I had the pleasure to talk with Don about The Cartel, his new amazing novel.
Interview with Don Winslow by Giacomo Brunoro
You are back in bookstores with a great thriller The Cartel, a novel that in my opinion is different from your previous works, in particular for your way of writing. It is more similar to The Power of the Dog (The Cartel is in fact its continuation) than to Savages. How was working on this new story?
As you alluded to, it was more a return to the style, technique and working habits of The Power of the Dog.
My works in between the two books were shorter, faster, and in a different style of language. ‘Dog’ and The Cartel are marathons; together they tell a story of over forty years in the War on Drugs and forty years of a vendetta between the two main characters, the DEA agent Art Keller and the drug lord Adan Barrera.
So I had to make sure that the two books were consistent in both content and style. I think that story should determine style – these books needed a more traditional narrative approach, because they had to explain true-to-life events over the course of many years.
I want the reader to understand what happened in Mexico, even though these are fictional works.
I think that The Cartel took you a lot of time for both research and documentation, is it right?
Yes, it did. The first task was just to get a grip on what happened. I went through every day in the Mexican drugs wars over a period of twelve years, and jotted down every related event that occurred, and created a chronology that ran to over 150 pages.

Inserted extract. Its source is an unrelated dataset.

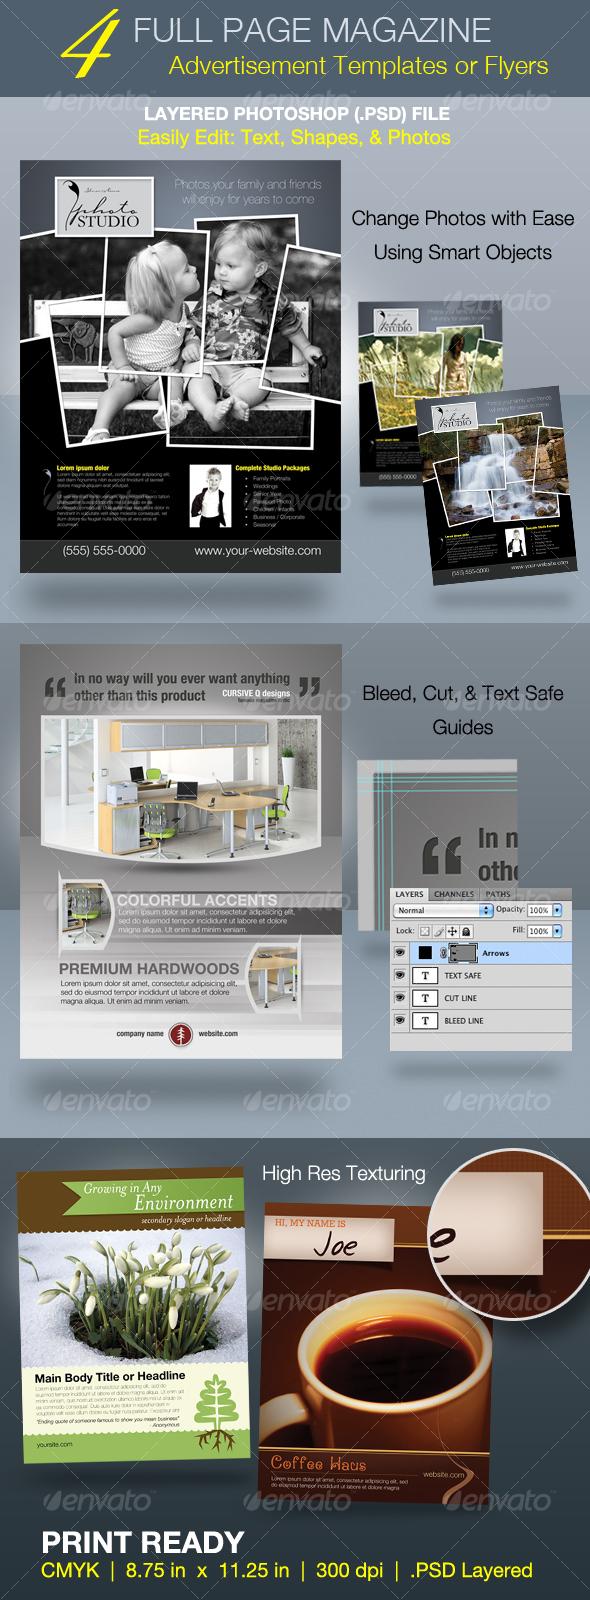 Creative Print Templates September 2012

Then I looked for patterns, developments that could explain the headlines. When I thought I had determined that, I selected about twenty major events and then went about researching them particularly. I read a lot, talked to a lot of people. This process took years.
The odd thing about the era of The Cartel was that you could also follow the events on social media. Criminals used to try to hide their crimes, but the cartels were bragging about them on the Internet, as a means of intimidation, propaganda and, sadly, recruitment.
How was facing the world of drugs 10 years after The Power of the Dog? Have you found a different situation?
Yes, the situation was unimaginably worse. The level of violence, the militarization of the drug wars, went so far beyond the period covered in ‘Dog’. Over 100,000 people were killed – 22,000 ‘missing’ – making it one of the bloodiest conflicts in the Western hemisphere since the American Civil War.
The level of brutality – the sadism, torture, dismemberments – became just horrific, nightmarish if you didn’t know that it was all too real. Also, the fighting was on so many more fronts – all over the country, and multi-faceted, with cartels fighting each other, federal police fighting local police, and the military fighting the cartels and police allied with the cartels.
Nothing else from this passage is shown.